If you have bills and can afford to pay them and can afford insurance at age 45 and can satisfy your mortgage, if you have one, you retire whenever the hell you want to. You may or may not draw a pension or company retirement or agency retirement or union benefits or Railroad Retirement....but the decision belongs to the individual. And if he's paid into a system for 25 years (or whatever the rules state), he's got it coming.
"The worst teacher in the worst school district will have a much better retirement than mine."
Maybe you should have been a P.E.Coach. Or a payroll clerk. Your is a perfect socialist mindset. Everybody should be equal. All income should be level. Nobody should have more than I have and if they do, take it and give me some.
"SMDH at how so many people are clueless on the "13th check" ruse."
The only ones clueless about the '13th check' ruse are the ones who read this blog and otherwise know nothing about PERS. JJ has them all ginned up to believe the taxpayer is being ripped into sending all retires a magical, free check for Christmas, delivered by Santa Claus.
Every employee in the system and certainly every retiree understands what is commonly called the '13th check'. It got that name because a retiree receives 12 monthly electronic retirement deposits (checks) and those who choose to, receive the COLA on December 15, rather than factored into their monthly retirement check.
This has been explained here numerous times, but the low information crowd (who get their news here) don't bother to understand it. And the rest, who think all state employees are shit, won't understand it no matter how many attempts are made to explain it.
"JJ has them all ginned up"?
Show where I've done so. Where's the quotes or screenshots? I haven't really discussed the 13th check. It is a COLA that can be received every month or in one lump sum.
However, it is not really a cola because it is not tied to inflation. It is more of an automatic increase in pay that is compounded as well.

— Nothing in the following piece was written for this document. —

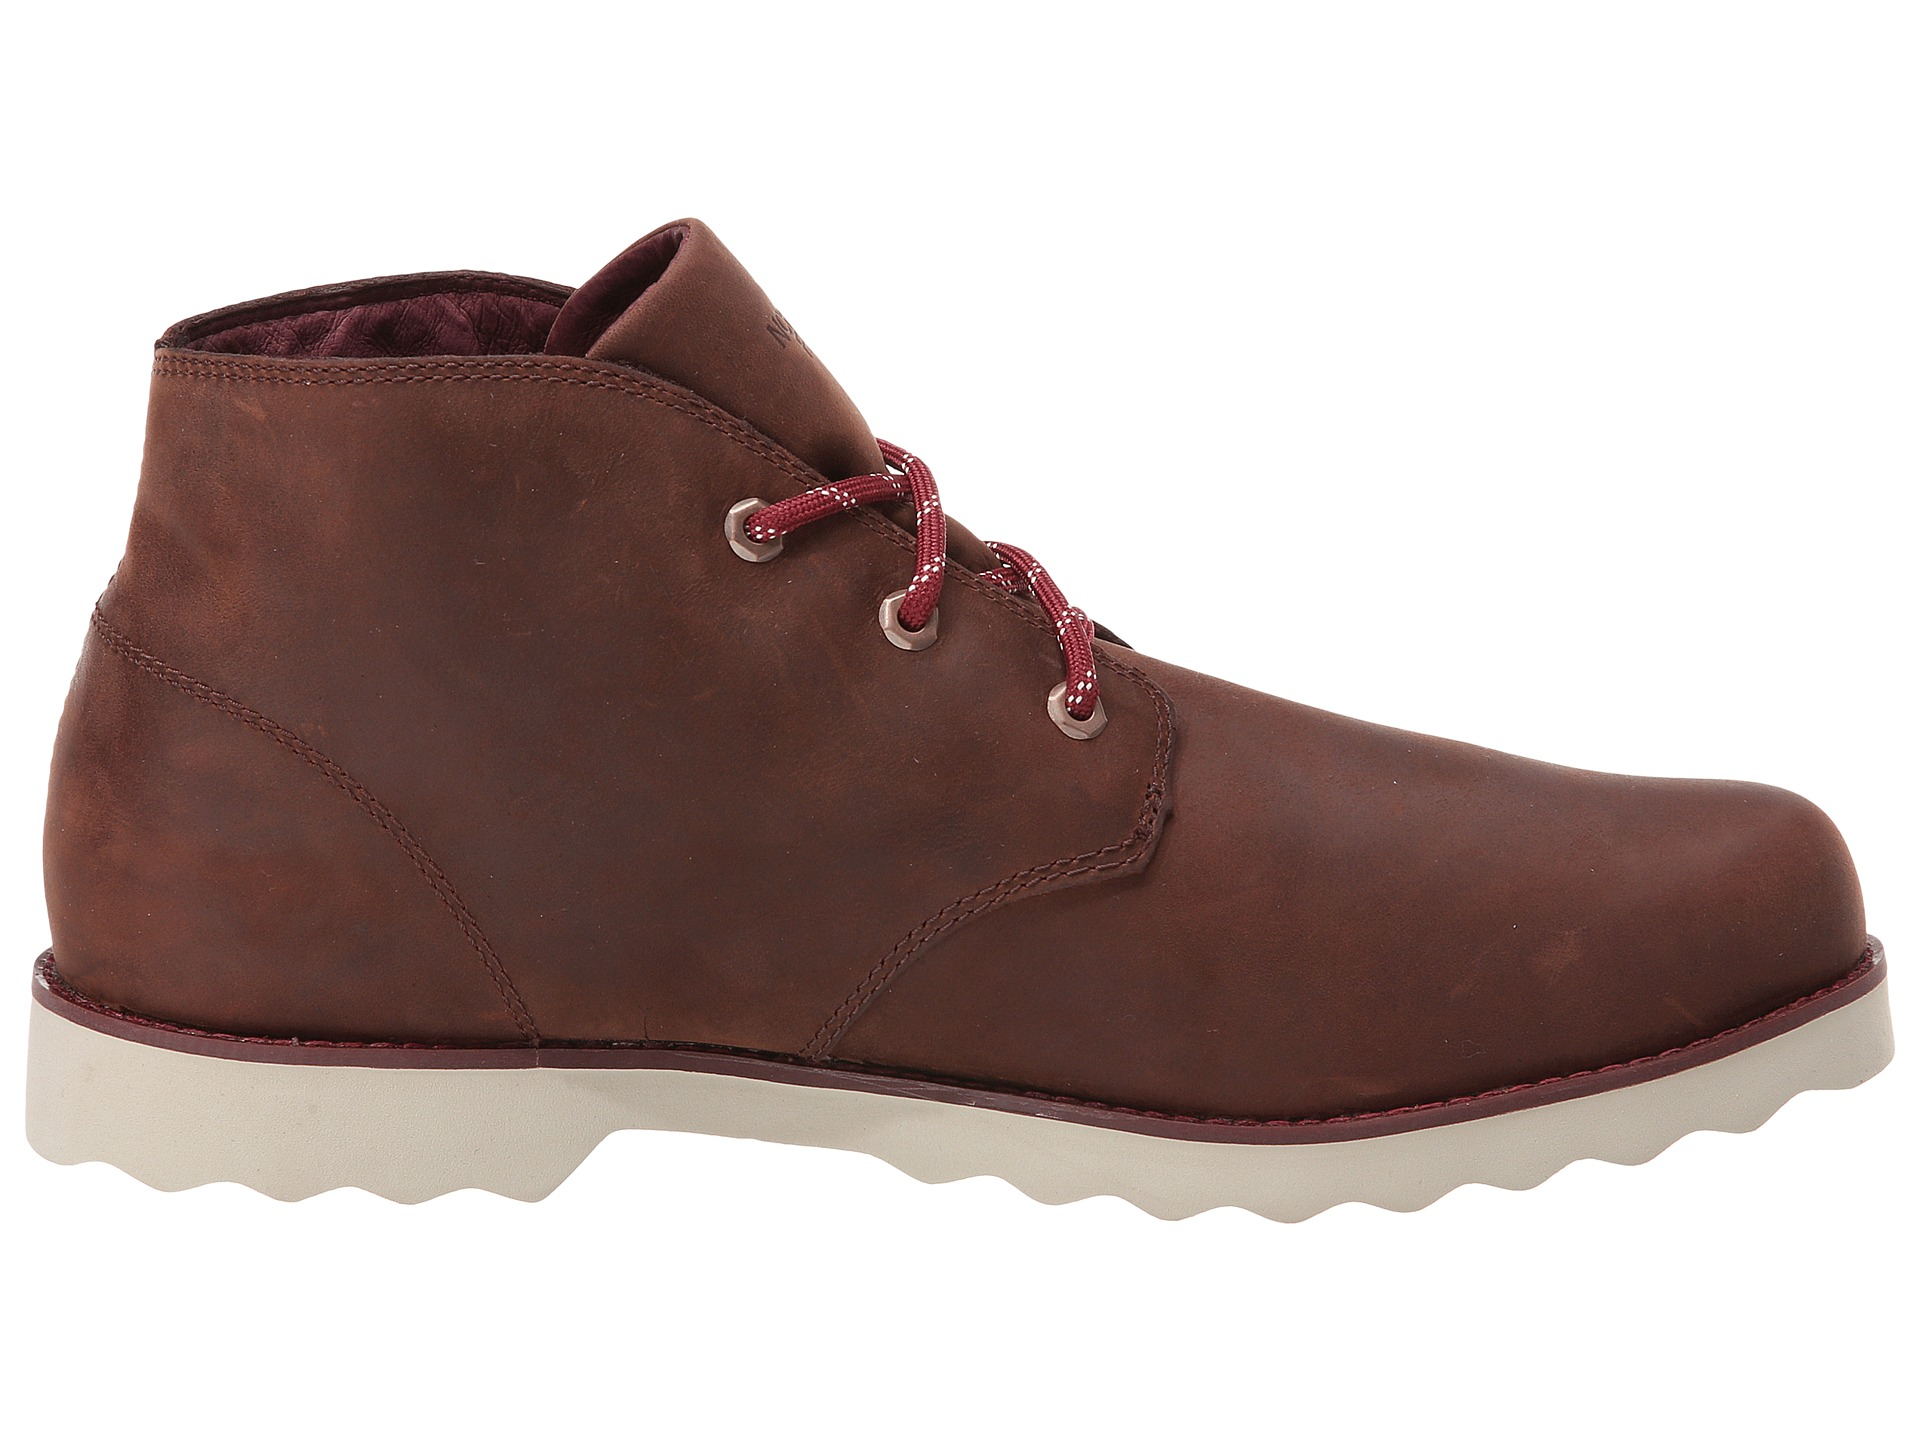 The North Face Leather Ballard Ii Chukka in Brown for Men - Lyst

Keep on making up stuff about me.
"Do your own research. Check the archives!"
How many time have we heard that? lol....
@9:23 - AMEN! All us PERS retirees did was play by the rules that was handed us. All you private employees don't mind ragging us about the low pay we get for years but when we get a retirement that we HAD to pay into, you get your panties wadded. Tough shitskies. The minimum work years should have be 30 or maybe even 35 all along. I notice that no one mentions the lump-sum option. That probably was a bad idea and should be eliminated.
@ July 1, 2018 at 6:46 PM
"12:03, I saw personally how my coworkers mismanaged money - I saw them use travel advances to buy furniture, I saw them pawn agency property to pay bills, they complained about overdraft fees, and bought cars they couldn't afford and then falsified travel vouchers to make up the difference. I reported each one of these observations to agency execs and they did nothing..."
Then you should have gone to PEER with that level of unethical behavior, especially if agency execs were aware and did not take action.

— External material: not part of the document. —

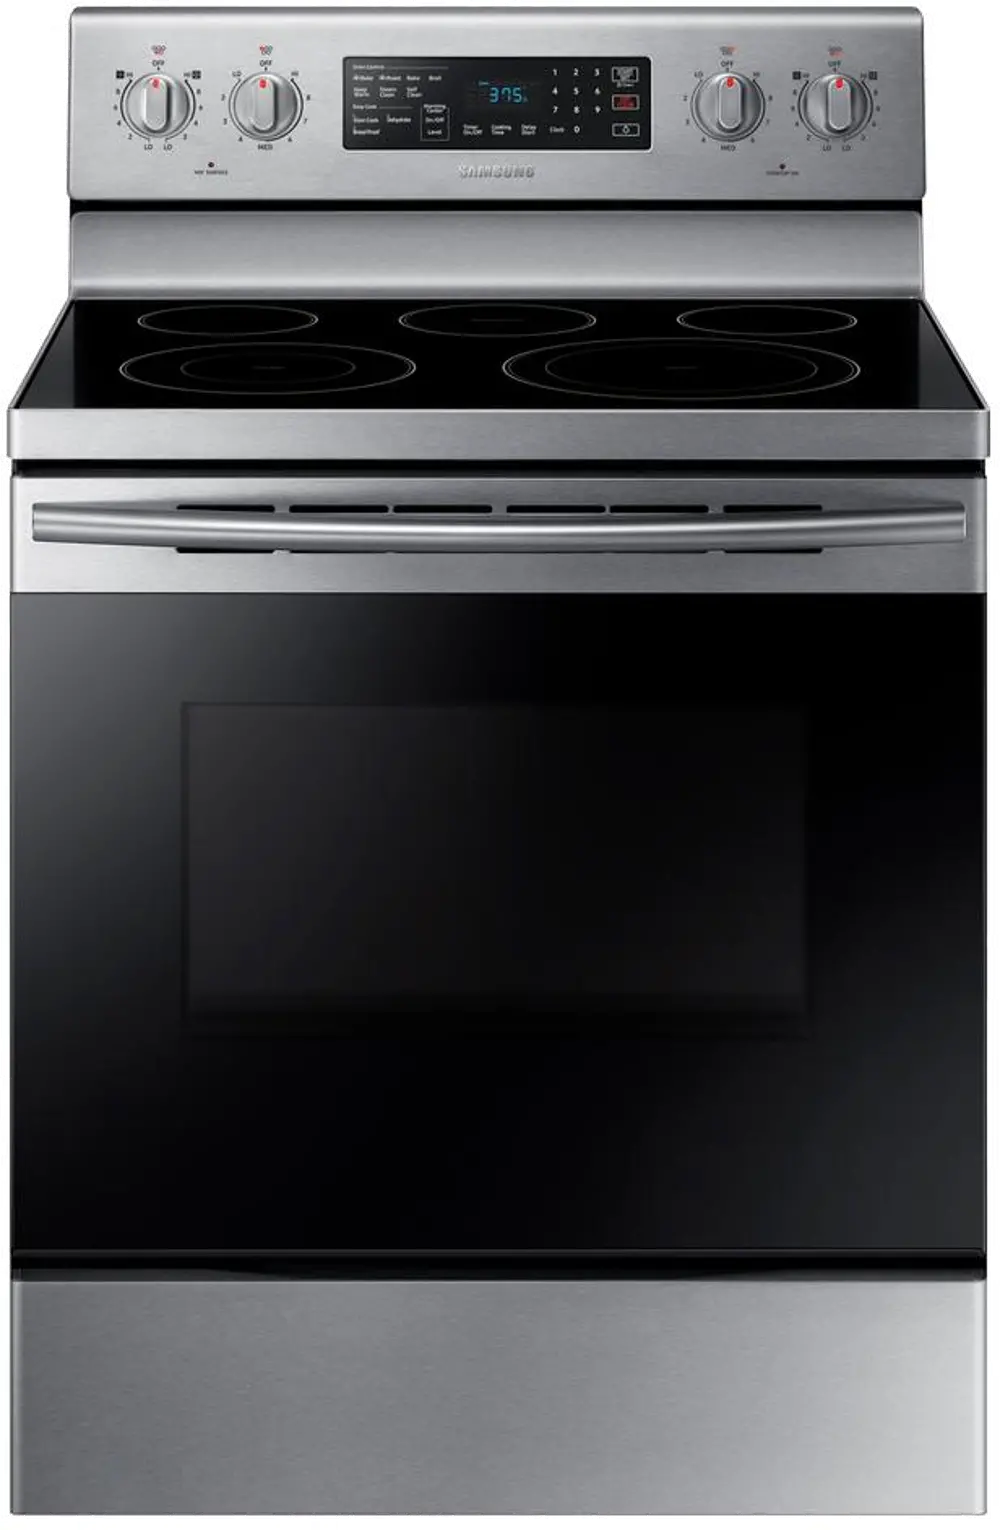 NE59M4320SS Samsung Electric Range with Dual Power Elements - 5.9 cu. ft. Stainless Steel-1

10:44 "..All us PERS retirees did was play by the rules that was handed us."
(Just as any politician would)
Says it well.
It continues to amaze me that very few people discuss the fact that VERY few employment opportunities are being created in Mississippi. MDA, the job creation mechanism, is a train wreck. SB1523 sends a negative message regarding diversity and inclusion. Our best and brightest graduates are leaving the state. The legislature refuses to support infrastructure funding. Little coordination of workforce training efforts. AND the positive business tax climate cannot be utilized to attract industry because of everything noted. THAT IS WHY PERS IS SUFFERING! No job creation, no new money in the system, no revenue generated. If Mississippi had effective and visionary leadership expanding and attracting business AND was providing skilled labor, no one would even mention PERS or the “13th check.” Pathetic.